# From Arbitrary Functions to Space-Time Implementations

Georgios Tzimpragos\*, Nestan Tsiskaridze\*, Kylie Huch\*, Advait Madhavan<sup>†‡</sup>, and Timothy Sherwood\*

\* University of California, Santa Barbara, CA 93106
† National Institute of Standards and Technology, Gaithersburg, MD 20899
‡ University of Maryland, College Park, MD 20742

Abstract—Processing in the temporal domain brings the promise of orders of magnitude performance improvements for certain classes of applications when compared with conventional binary implementations. However, the lack of a general design methodology poses a significant barrier to realizing the true potential of this new foundation. To help overcome these challenges, we present an automated (and formally verified) tool capable of checking arbitrary functions against the properties of space-time algebra, simplifying their expression, and automatically generating hardware implementation in race logic.

### I. Introduction

The end of Dennard's scaling and the slowdown of Moore's law marks the beginning of a new "heterogeneous" era in computing, where new materials, device structures, and computing architectures are being continually introduced in efforts to deliver the anticipated growth. To successfully navigate this era of innovation though, it is necessary to (a) distinguish between new paradigms for computation and new technological advancements and (b) understand how the one can motivate or even unlock the true potential of the other [5].

Along these lines, in our prior work we introduce the idea of race logic [3], [7]. The approach lives at the boundary of analog and digital worlds where fully digital signals (all wires carry only a "high" or "low" signal) are used to encode continuous rather than binary variables. Events are represented by low to high edges and computation emerges through the purposeful interaction of edges and their relative delays. Only a single "wire" is required per variable (because the time it takes for an event to appear on that wire is what encodes the value) and the operators forming its foundation are MIN, MAX, DELAY, and INHIBIT, rather than AND, OR, and NOT. Even when off-the-shelf digital CMOS components are used, the encoding can result in orders of magnitude performance improvements for certain classes of applications. There might be even more potential improvement when novel devices are used in this new way.

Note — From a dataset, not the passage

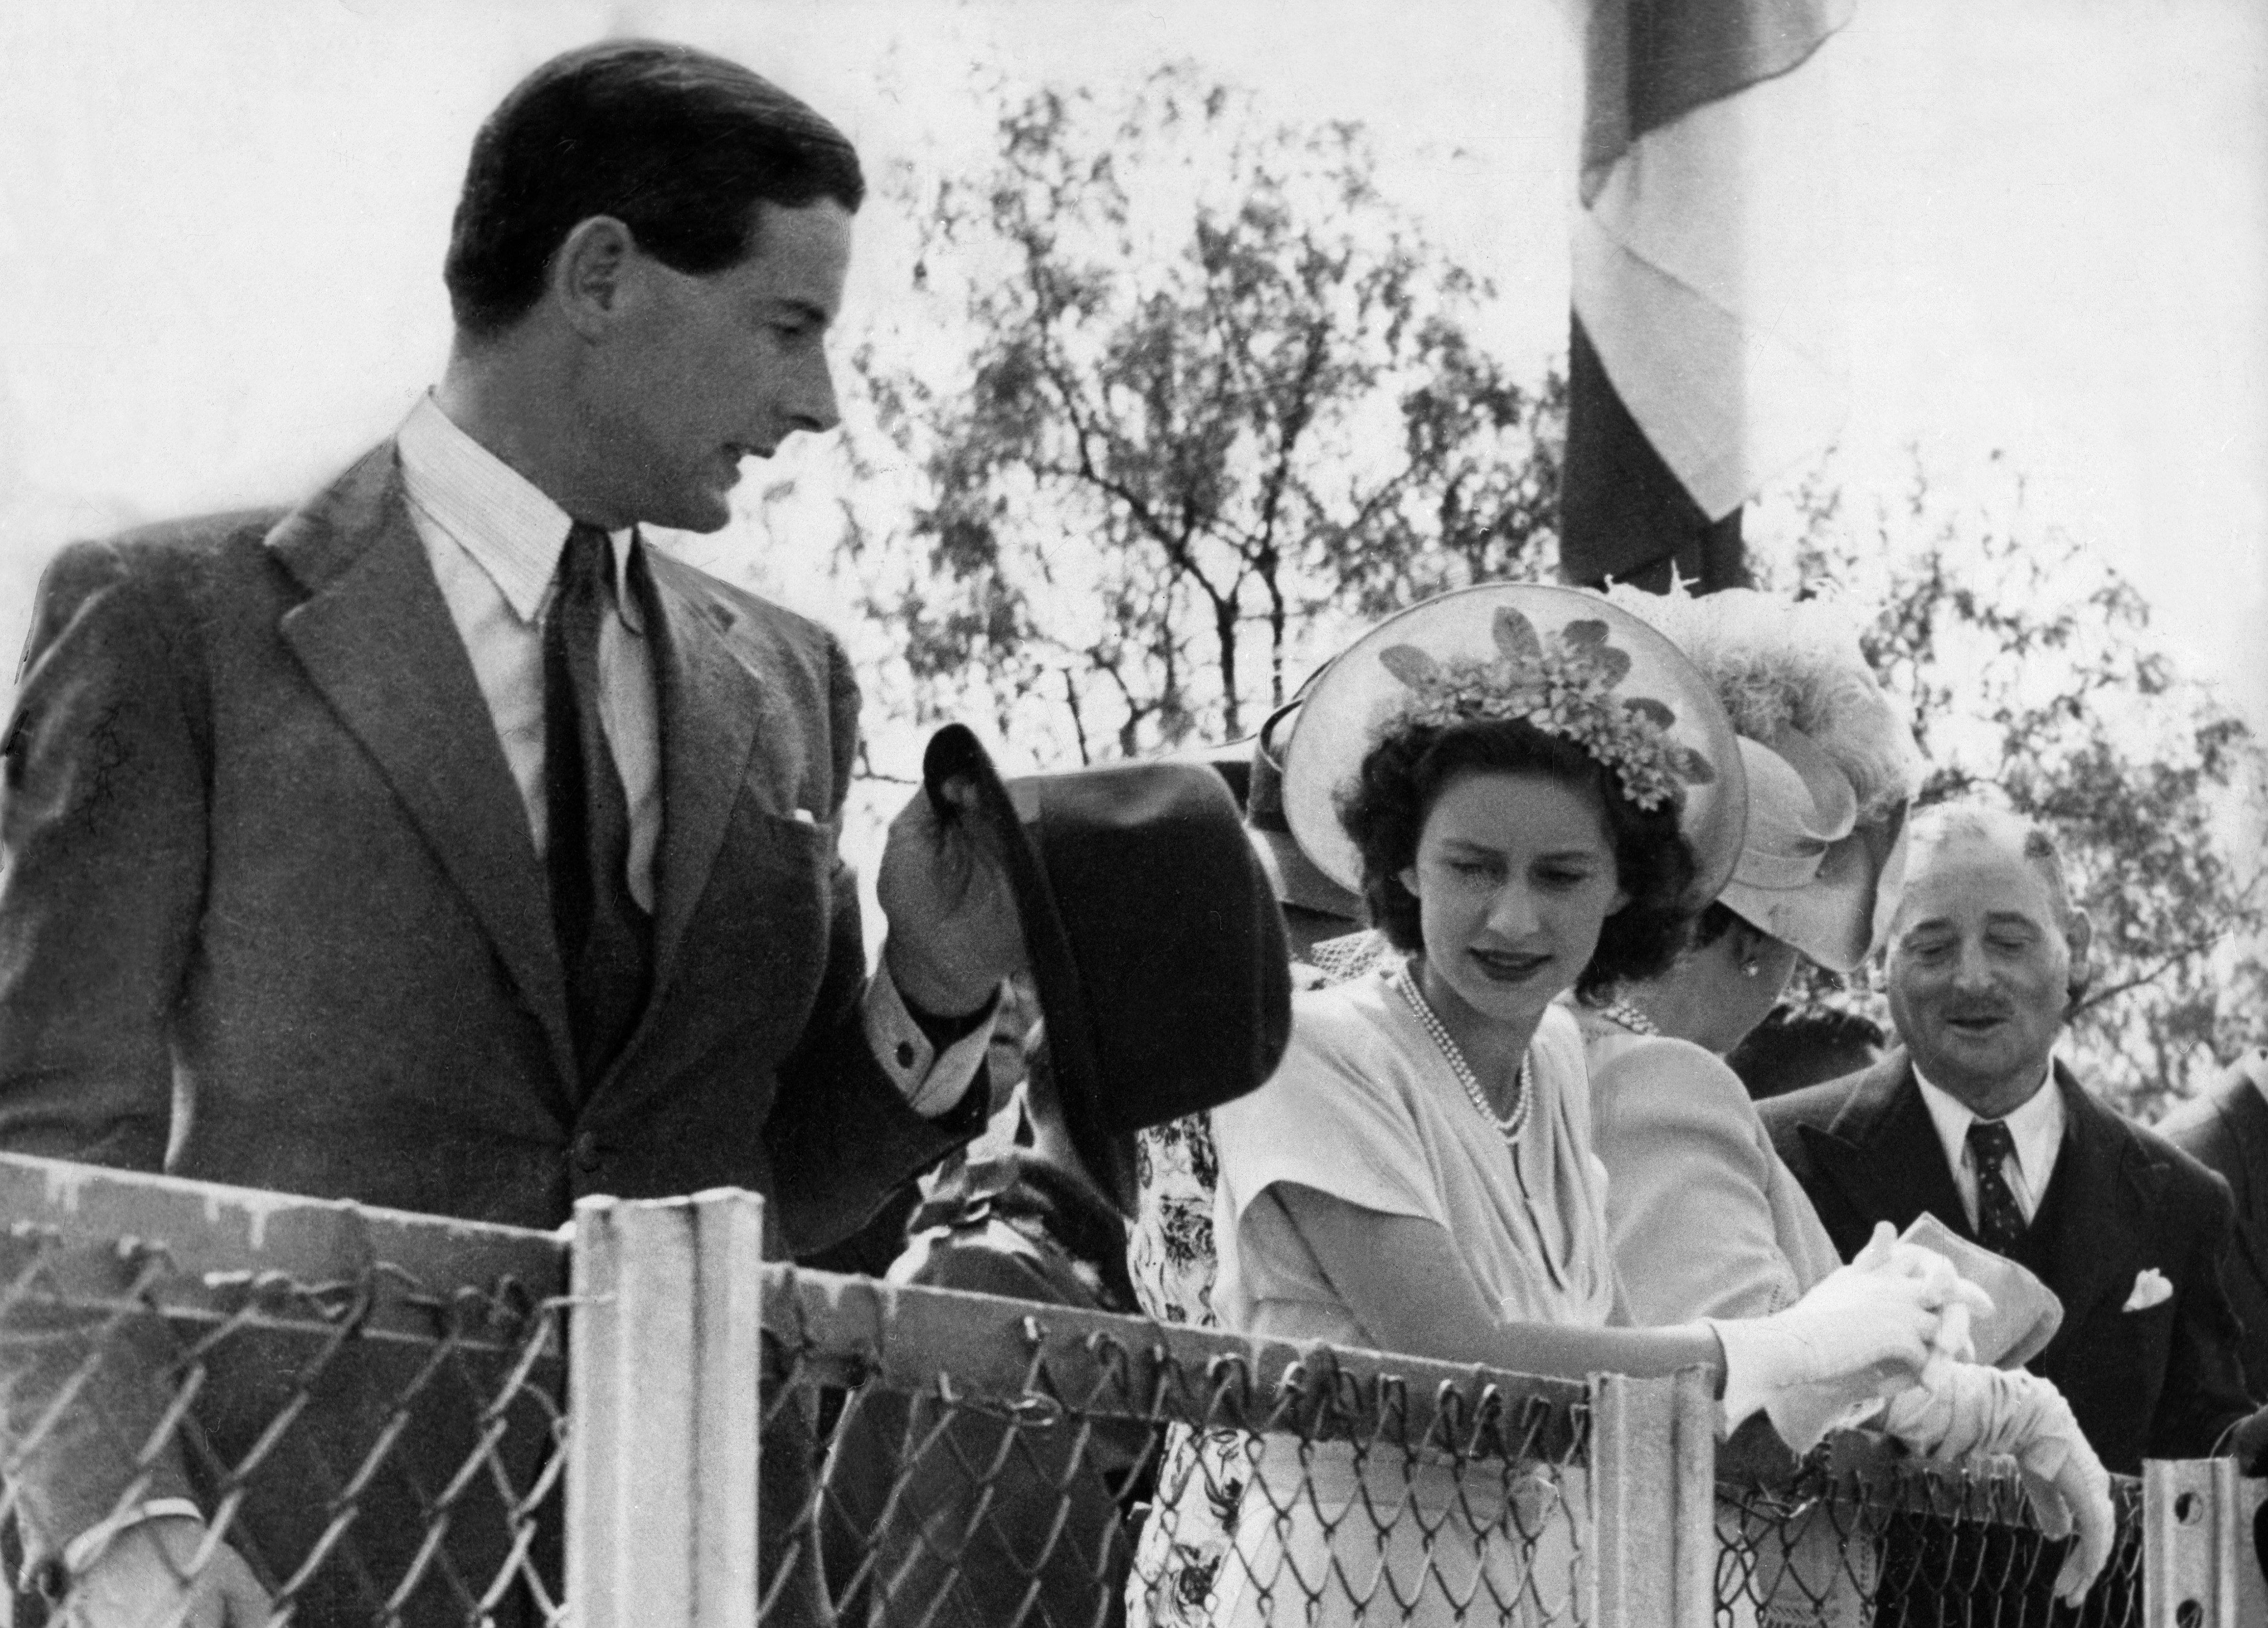 Princess Margaret with Group Captain Peter Townsend in South Africa during the Royal Tour, in 1947. (ullstein bild—ullstein bild via Getty Images)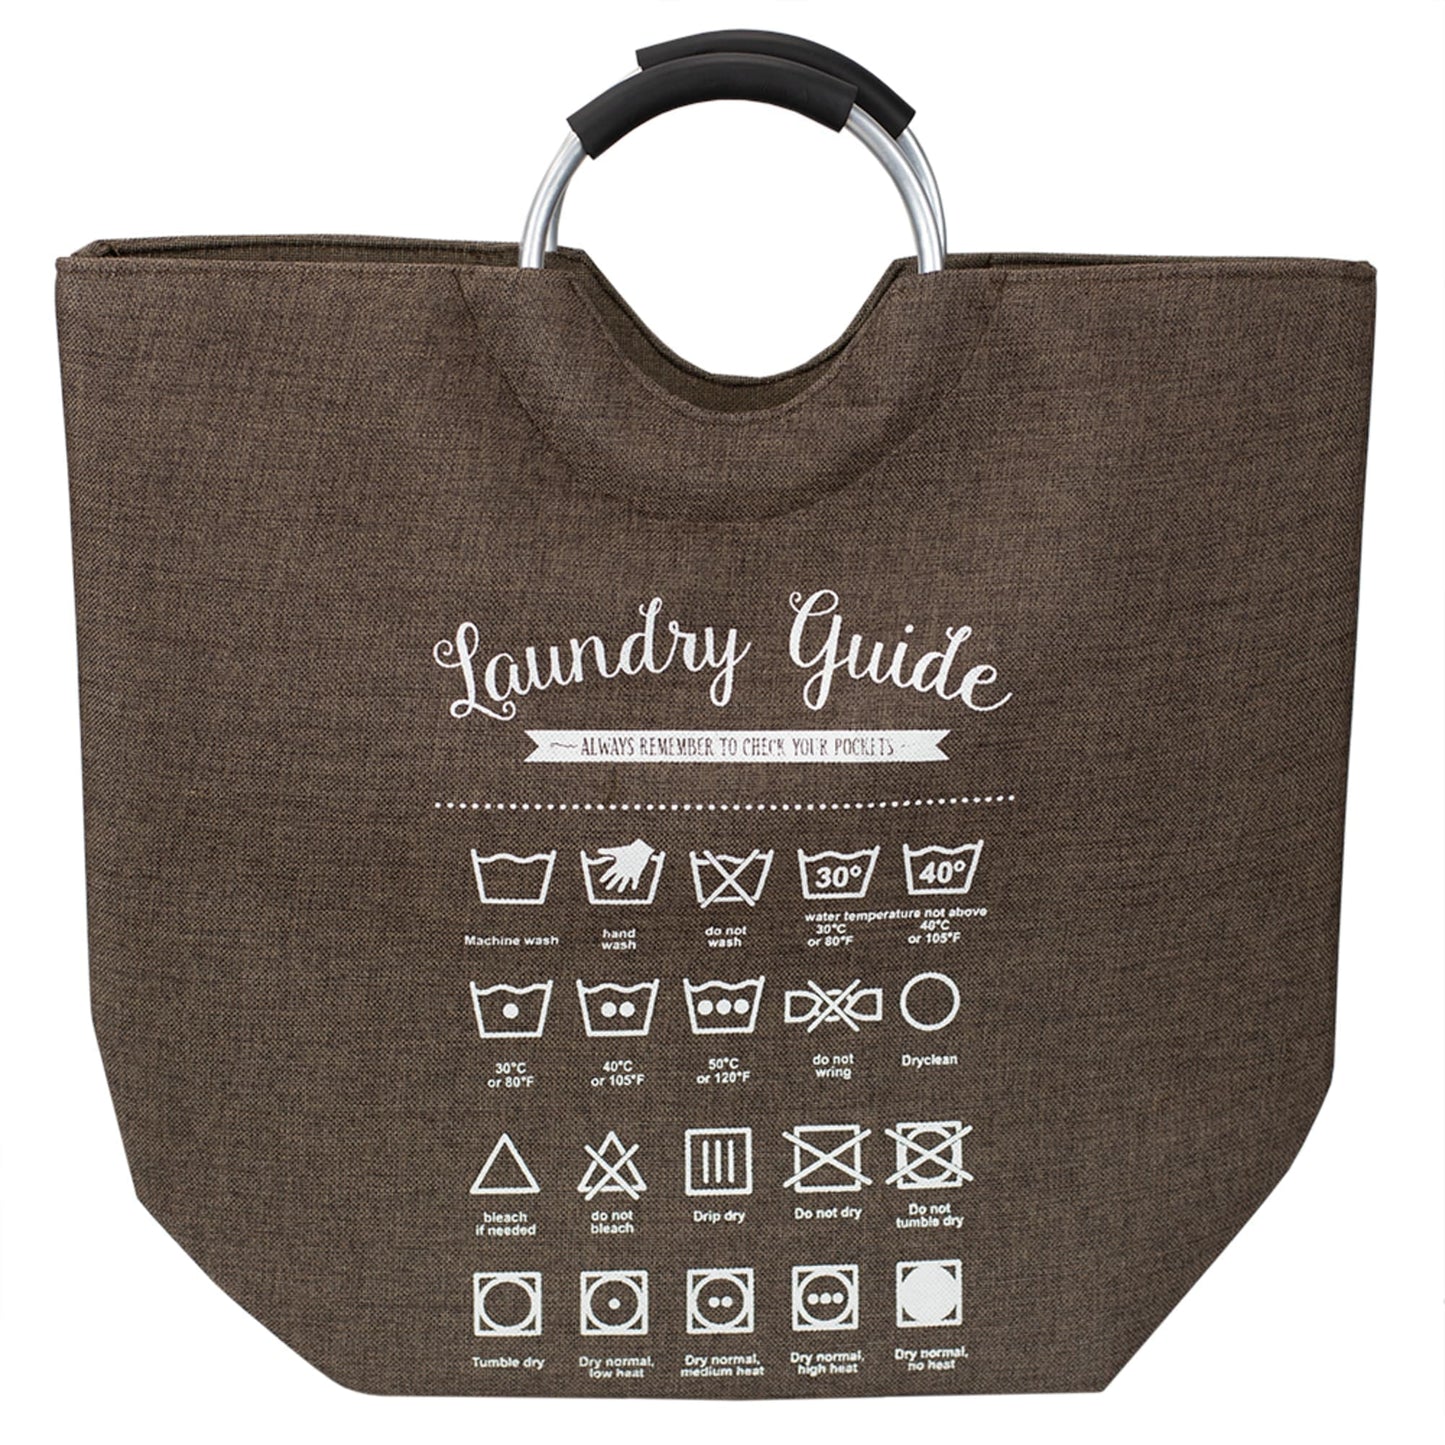 Laundry Guide Canvas Hamper Tote with Soft Grip Handles, Brown

In contrast with conventional digital computing, which relies on a binary system of ones and zeros, processing in race logic happens in the temporal domain and it is governed by the rules and properties of spacetime algebra [6]. As with any information representation change, some computations become easier to perform

while others become more difficult — but we now know it to be efficient in several important cases. For example, A. Madhavan et al. [3] use temporal relationships to implement Needleman and Wunsch's popular DNA sequence algorithm. M. H. Najafi et al. [4] demonstrate a low-cost bitonic sorting network circuit using temporal processing. G. Tzimpragos et al. [7] apply race logic to accelerate ensembles of decision trees, while J.E. Smith [6] explores the relationship between temporal codes and spiking neural networks. However, all of these designs have been developed in an ad-hoc manner and tools that help us check, optimize, and efficiently implement applications in this new logic are still missing.

Here we explore a more systematic way of developing and checking space-time systems. We describe a formalization of the known properties of space-time algebra, present an automated checker capable of verifying whether an arbitrary function is implementable in the "temporal" domain or not that works even high dimensional cases, and then, if the given function passes the checks, we simplify its expression and return a synthesizable RTL design.

### II. SPACE-TIME ALGEBRA PROPERTIES

Functions defined over space-time algebra take temporal events as inputs, produce temporal events as outputs, and the relationships between input and output events must be consistent with the flow of time. Under this formulation, any space-time function must satisfy the properties of *invariance* and *non-prescience* [6]. A more formal definition of these properties in discretized time follows.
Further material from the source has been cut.